Core
Kairo Core (@kairo/core) - The backbone and central nervous system of the Kairo framework
Kairo Core (@kairo/core)
The @kairo/core package is the backbone and central nervous system of the Kairo framework. It provides the essential interfaces, abstract classes, and the orchestration engine (LmPipeline) that glue all discrete components together.
Architecture Overview
Kairo is built on a highly modular, decoupled architecture. The LmPipeline sits at the center, mediating between the raw generation capabilities of AI models and the specialized tools/memory provided by Extensions.
1. LmPipeline (The Orchestrator)
The central director. It takes your application's input, routes it through installed extensions (to inject tools, retrieve memory, or transform inputs), queries the underlying LanguageModel, and manages the bidirectional flow of reasoning and tool executions.
2. Provider & LanguageModel
A Provider implements the connection logistics (such as API keys and base URLs) for a vendor, and acts as a factory providing one or multiple LanguageModel instances. The LanguageModel contains the actual logic for translating Kairo's unified message format into vendor-specific API structures and handling the streaming response (LanguageModelStreamPart).

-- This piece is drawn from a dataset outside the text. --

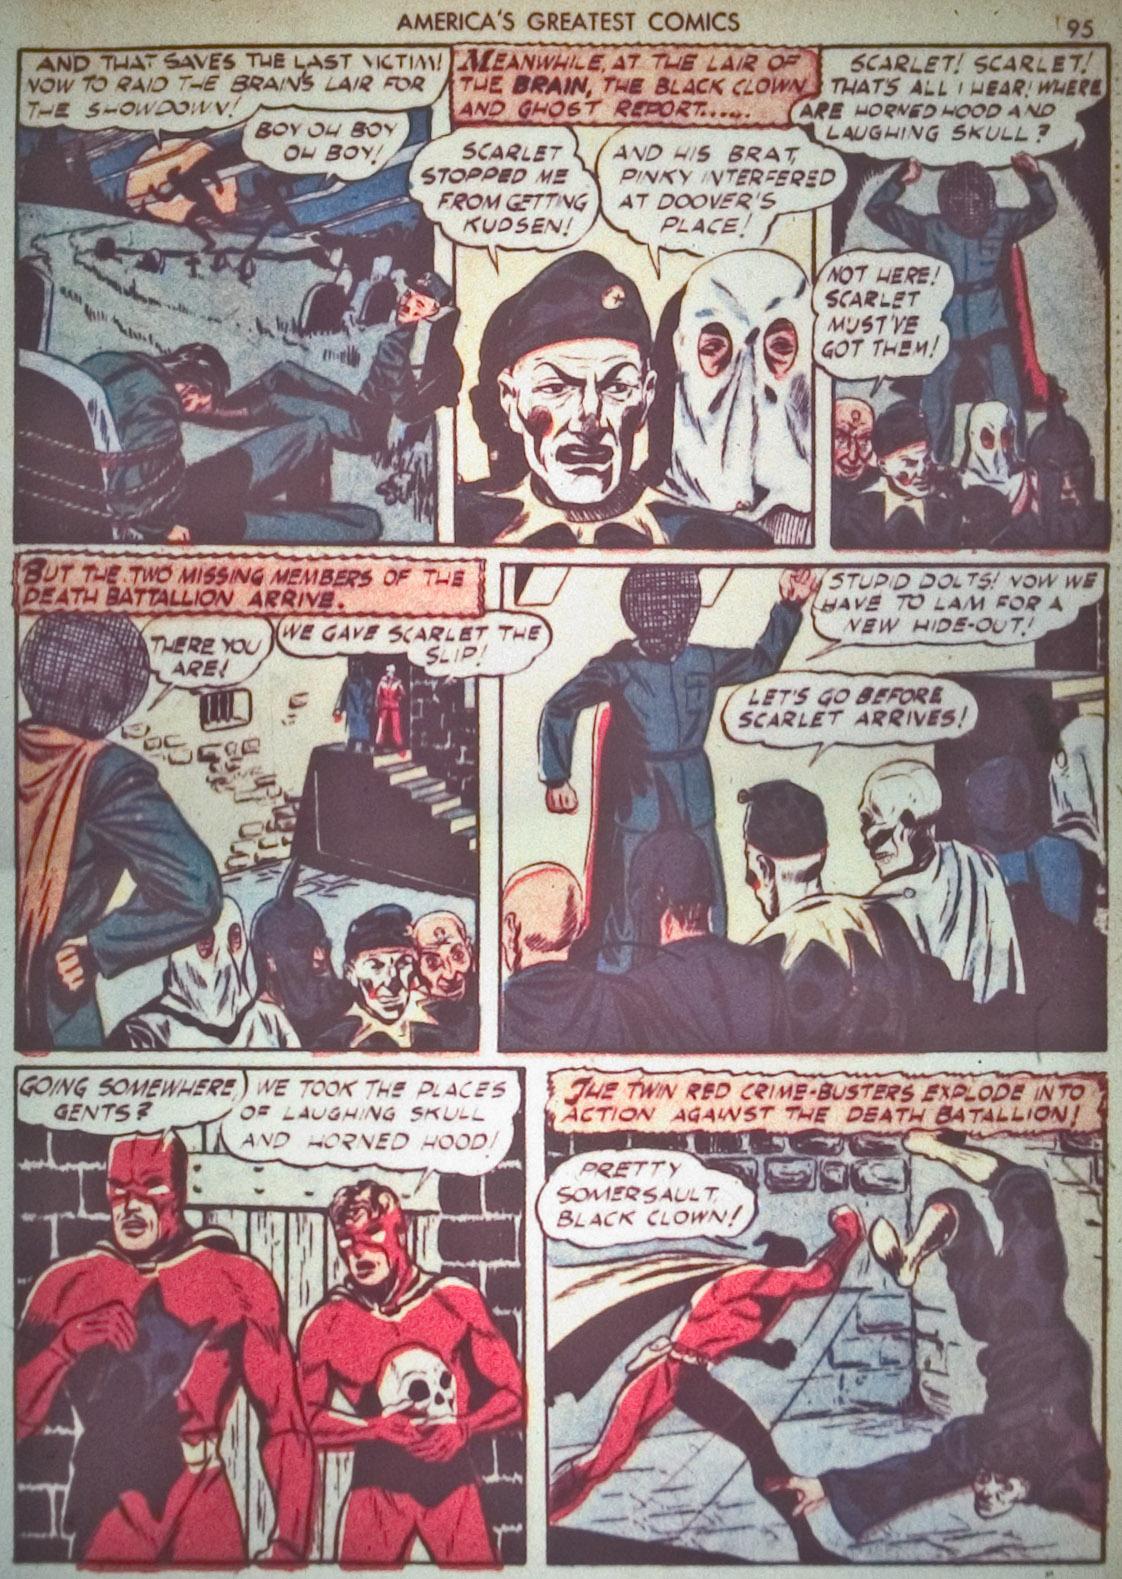 Read online America's Greatest Comics comic -  Issue #1 - 98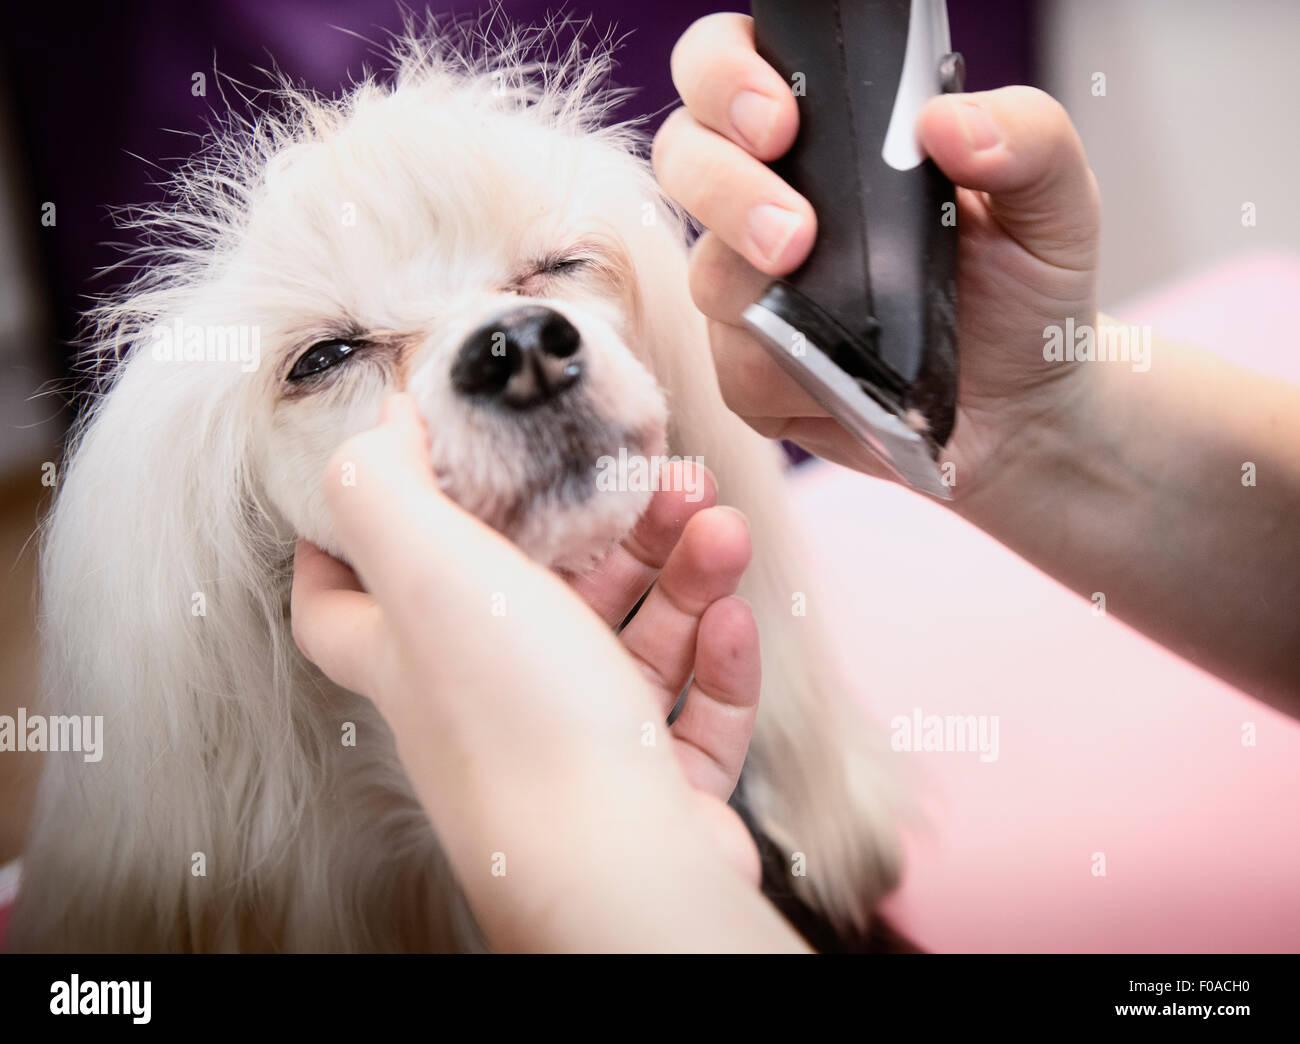 Perro ser arreglados en salon, close-up Imagen De Stock

3. Extensions (ExtensionProtocol)
Extensions are isolated plugins that attach to the pipeline. They intercept specific lifecycle stages (like tool-injection or memory-retrieval). Crucially, they run via an RPC protocol, meaning an extension can safely run in a separate process, an isolated Web Worker, or even a remote server.
The Pipeline Lifecycle
To develop effective Extensions, it's critical to understand the order in which LmPipeline executes its hooks when you call generate():
- Input Enrichment (
enrichInput): Modify the initial user prompt (e.g., adding hidden system instructions). - Memory Retrieval (
retrieveMemory): Search vector databases or history stores and prepend relevant context to the conversation. - Context Pruning (
pruneContext): Trim old or irrelevant messages if the context window limit is approached. - Tool Injection (
injectTools): Query extensions to dynamically append function schemas (e.g., pulling available MCP server tools). - Model Configuration (
configModel): Adjust temperature, top-p, or max tokens dynamically. - --- Model Generation Starts ---_
- Stream Transformation (
streamTransform): As tokens flow back from the LLM, extensions can intercept, mask, or re-route specific chunks in real-time. - Tool Execution (
executeTool): If the model chooses to call a tool, the pipeline pauses, delegates the exact function call back to the Extension that provided it, and awaits the result (fetchToolResult). - --- Turn Completes ---
- Turn Refinement (
refineTurn): Post-process the final generated message. - Context Persistence (
persistContext): Save the newly generated turn back into long-term storage or database.
Isomorphic by Design
@kairo/core is strictly environment-agnostic. It contains absolutely no Node.js-specific native modules (like fs or net), nor does it enforce specific HTTP clients.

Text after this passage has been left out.